Sure, constitutionalists will proclaim, the framers never intended for America to be a pure democracy, but a Republic in which the individual rights of states were respected. But it is a balance: not only was the constitution not written for ideologically-motivated machine politics, but the gross imbalance between the size of states could not have been foreseen. In the 1790 census, the most populous state (Virginia) was roughly eight times the size of the sparsest (Delaware): a manageable ratio. California, whose economy is larger than the UK, now has a population 68 times that of Wyoming.

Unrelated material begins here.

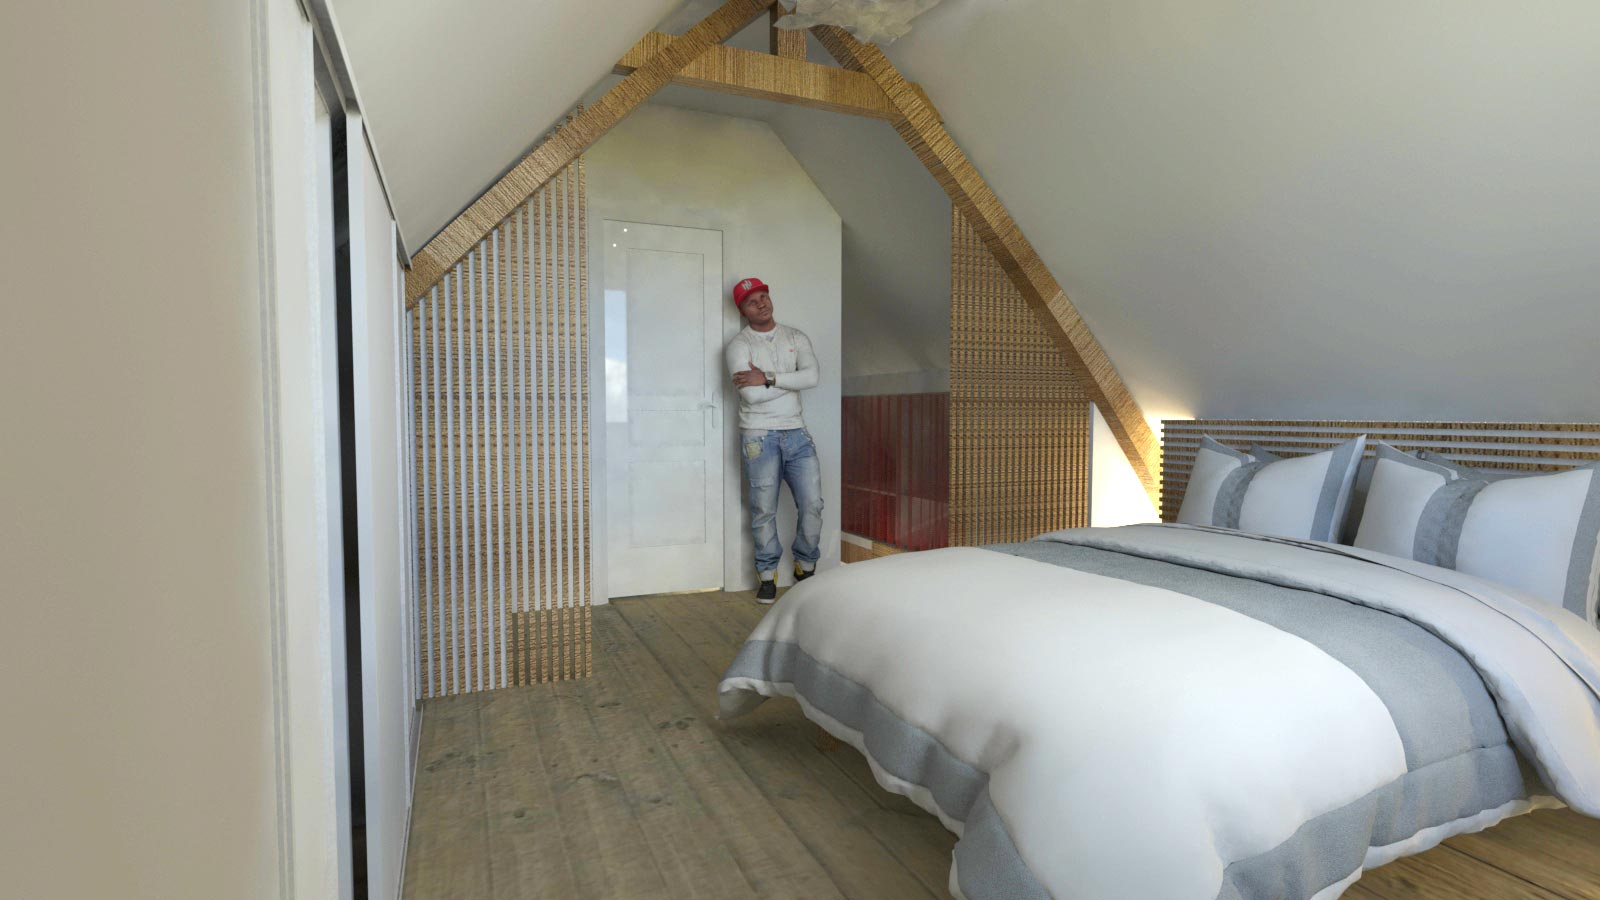 circulation d coration et lumi re architectswaves. Black Bedroom Furniture Sets. Home Design Ideas

Population shifts will only intensify this democratic deficit. As more Americans move to cities and rural states depopulate, the gap between large and small states will grow ever wider. As they move, sparsely populated states will grow older and more conservative — and so too will the Senators that represent them. Some Democrats may hope that an influx of liberals into diversifying states like Texas, Georgia, Arizona and North Carolina, may provide a counterbalance to this phenomenon, and the results this week give some room for optimism, but they cannot risk adding further to the list of states that are out of reach.

In the long run, there may be a constitutional moment when Senate reform becomes something that is politically possible to address — despite requiring the consent of the states who would be disadvantaged by it. That situation, likely as part of a wider constitutional convention, is so unforeseeable that it is likely beyond any of our lifetimes. Therefore, to have any hope of preventing a permanent Republican majority in the Senate, Democrats must understand and prioritise the need to win in states outside their comfort zone and foster new talent and local organisations in conservative states in a way that puts the ability to win above ideological purity.

They must face up to a path to power that runs more through Grand Forks, North Dakota than it does Brooklyn. If they fail, not only will they not stand a hope of blocking conservative appointments from Republican presidents, but when their party re-enters the White House, passing legislation will be virtually impossible. Those with an interest in good governance in America should hope they succeed.

Mark Gettleson writes on US and UK elections.